The letter states that those involved in the massacre “continue to enjoy immunity. They include, among others, the current President of Iran, Ebrahim Raisi, and the head of the judiciary, Gholamhossein Mohseni Ejei.”

This letter, written by the human rights organization "Justice for the Victims of the 1967 Massacre in Iran," has also been sent to the UN Human Rights Council.

Ebrahim Raisi, who began his term as president in the summer of 1400, was one of four people who oversaw the murder cases of political prisoners in the summer of 2018.

When asked about his role in the killing of political prisoners in the 1960s, he said he was "proud" of his role in this regard.

The main figures of this four-member delegation, known as the "Death Delegation", are the then Islamic Jurisprudence Judge Hossein Ali Nayiri, the then Prosecutor Morteza Eshraghi, the then Deputy Prosecutor Ebrahim Raisi, and Mostafa Pourmohammadi, the then representative of the Ministry of Intelligence in Evin Prison.

Their names are frequently mentioned by plaintiffs and witnesses during the trial of Hamid Nouri, who is accused of participating in the mass executions of political prisoners as a former assistant prosecutor at Gohardasht Prison in Karaj, and whose trial has been taking place in Europe in recent months.

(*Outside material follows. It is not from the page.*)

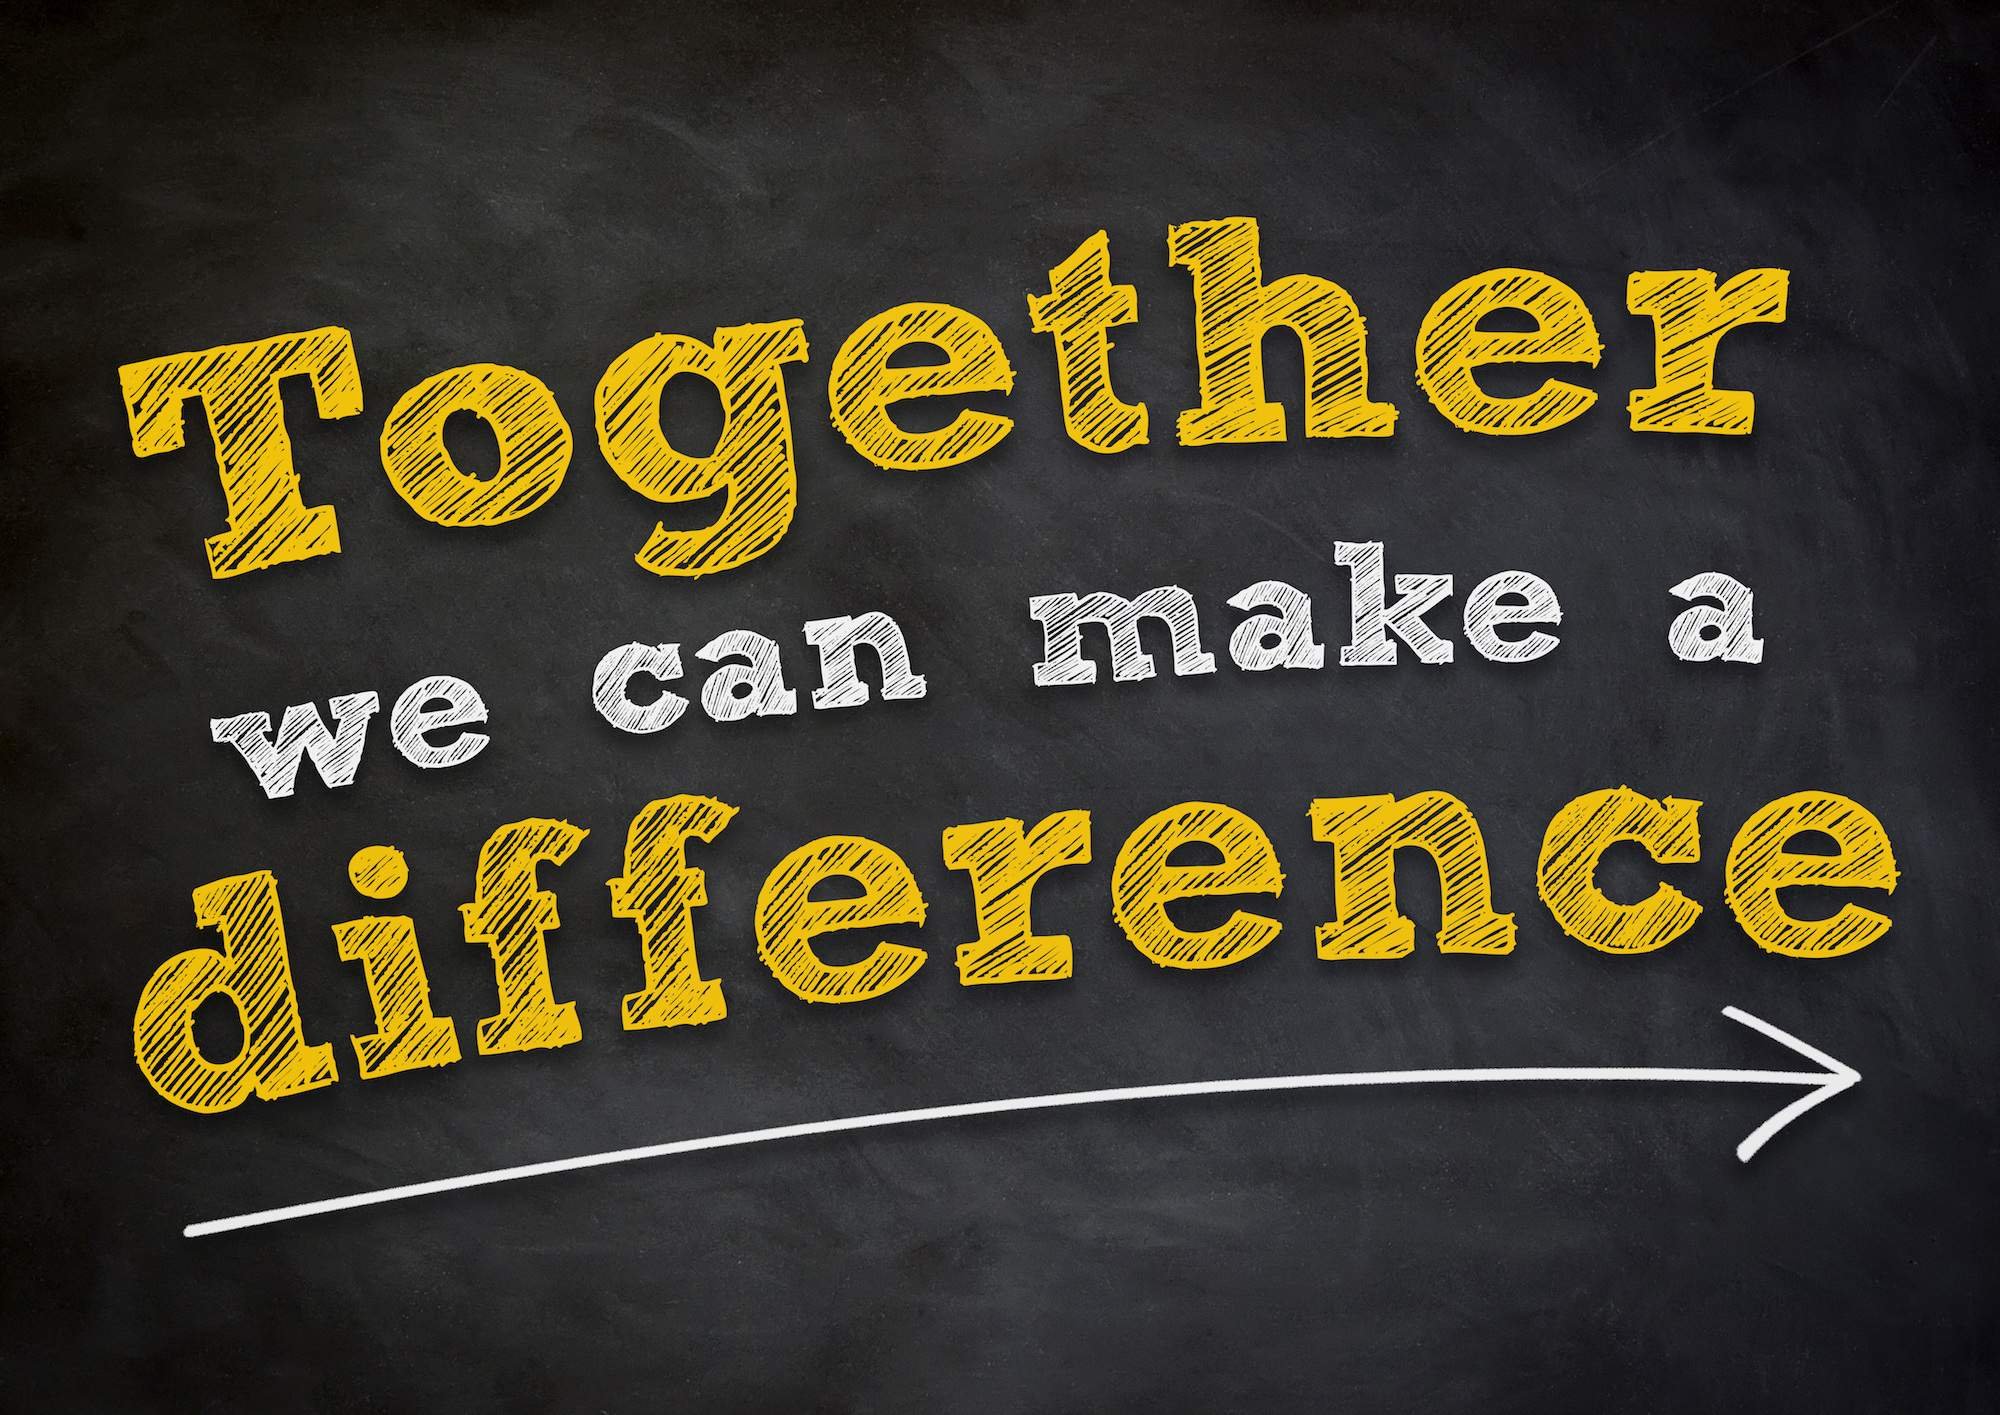 https://s3.us-east-2.amazonaws.com/partiko.io/img/partiko-together-we-can-make-a-difference-1528488948551.png

Thousands of political prisoners were executed in the 1960s, especially in the summer of 1988, in Evin and Gohardasht prisons in Tehran and prisons in Mashhad, Shiraz, Ahvaz, and some other cities in Iran, on the direct orders of Ayatollah Khomeini, the leader of the Islamic Republic at the time, and by the decision of committees that became known as death committees.

Many of those executed were supporters of the People's Mojahedin Organization (MEK), and a number of them were supporters of other leftist groups who had been imprisoned in the early 1960s. There are no exact figures for these executions, but according to Amnesty International, at least 4,482 men and women disappeared in a two-month period.

Previously, Stravnan Stevenson, a former Scottish representative in the European Parliament, and some families of prisoners executed by the Iranian government had formally requested that the country's police arrest Ebrahim Raisi on charges of "genocide and crimes against humanity" if he attended the Glasgow climate change conference.